DATASET EXTRACT =>
Content starts
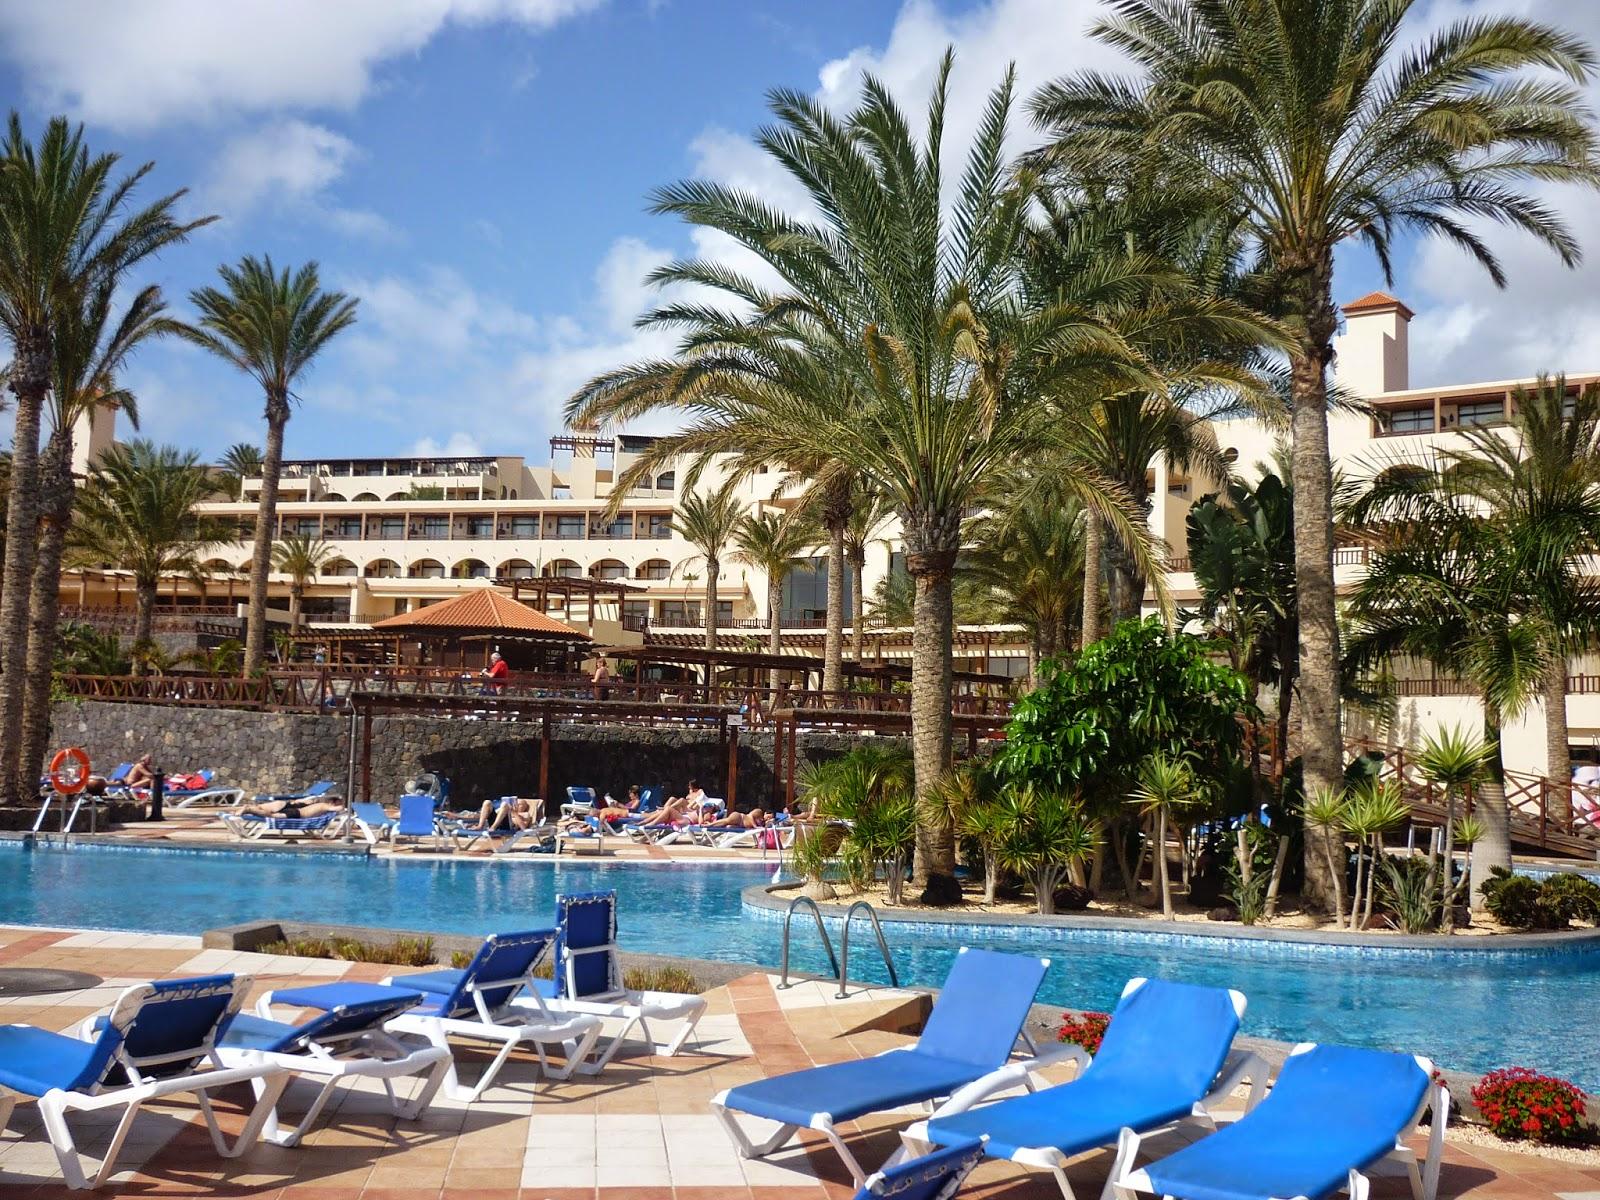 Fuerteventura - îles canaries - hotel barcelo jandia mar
Content ends
Content starts
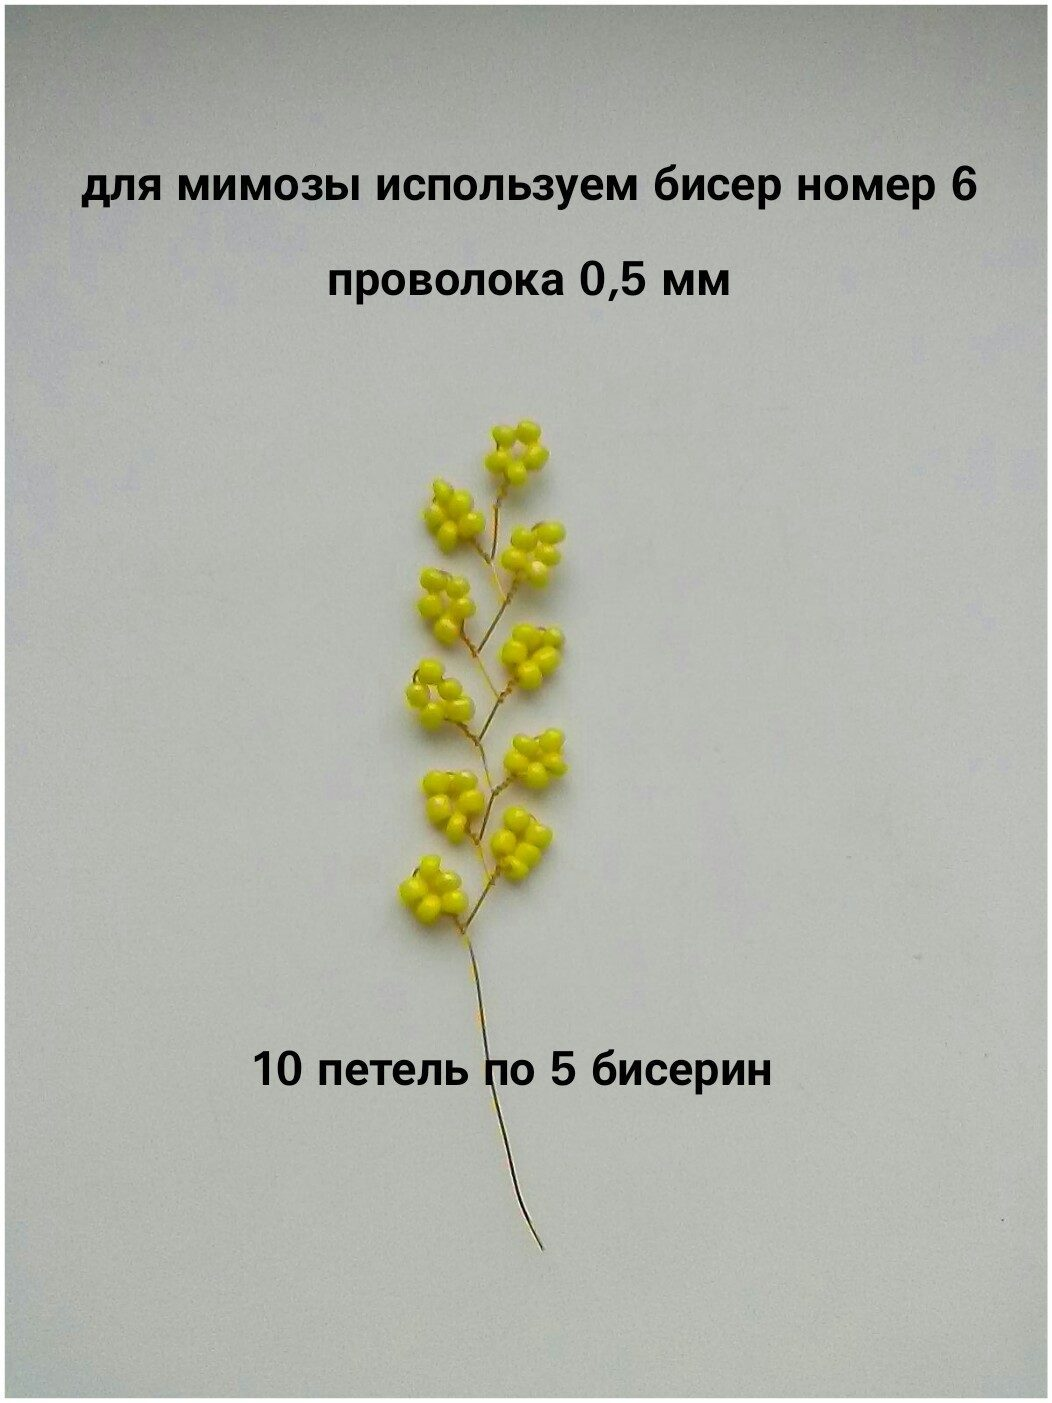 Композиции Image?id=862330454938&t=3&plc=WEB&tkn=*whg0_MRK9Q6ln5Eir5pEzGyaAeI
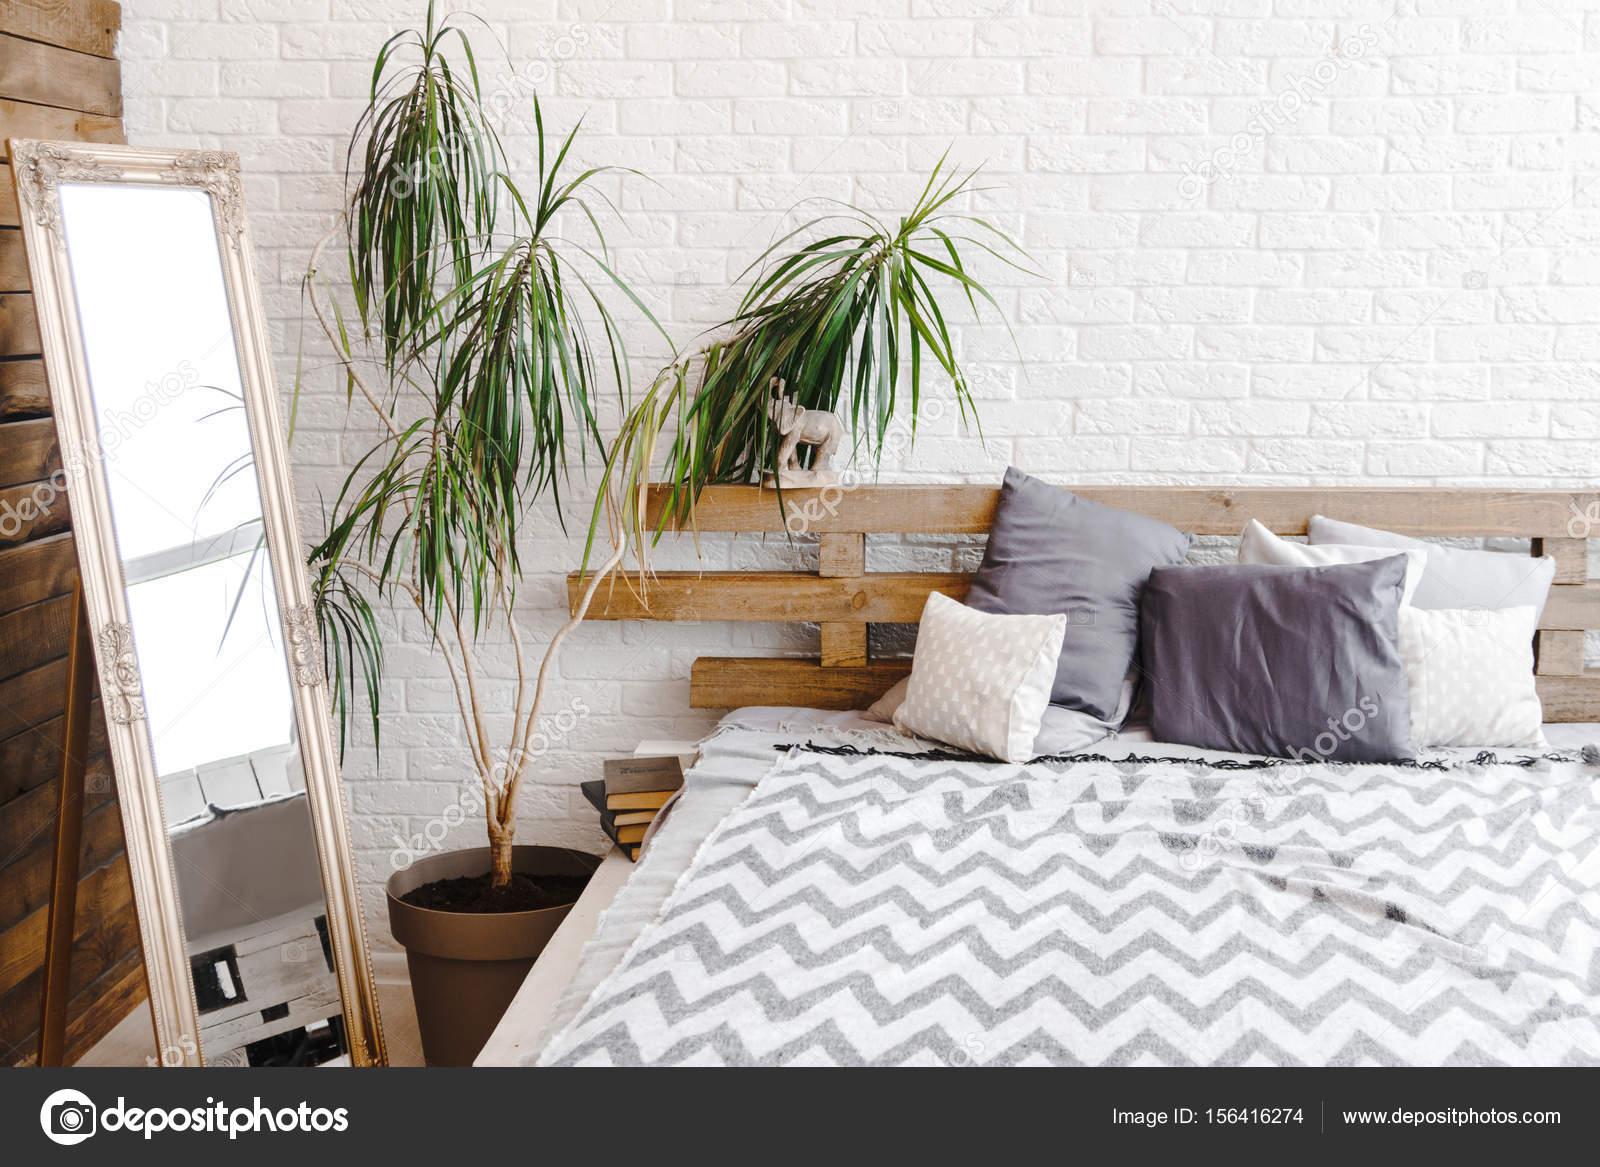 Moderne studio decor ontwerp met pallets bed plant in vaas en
Content ends
WHAT YOU ARE ASKED TO DO =>
Reproduce, exactly and only, the lines of the records above starting at the line with "Композиции Ima" and ending at the line with "Moderne studio decor", both included. Leave every picture out.

ANSWER TO THIS TASK =>
 Композиции Image?id=862330454938&t=3&plc=WEB&tkn=*whg0_MRK9Q6ln5Eir5pEzGyaAeI
 Moderne studio decor ontwerp met pallets bed plant in vaas en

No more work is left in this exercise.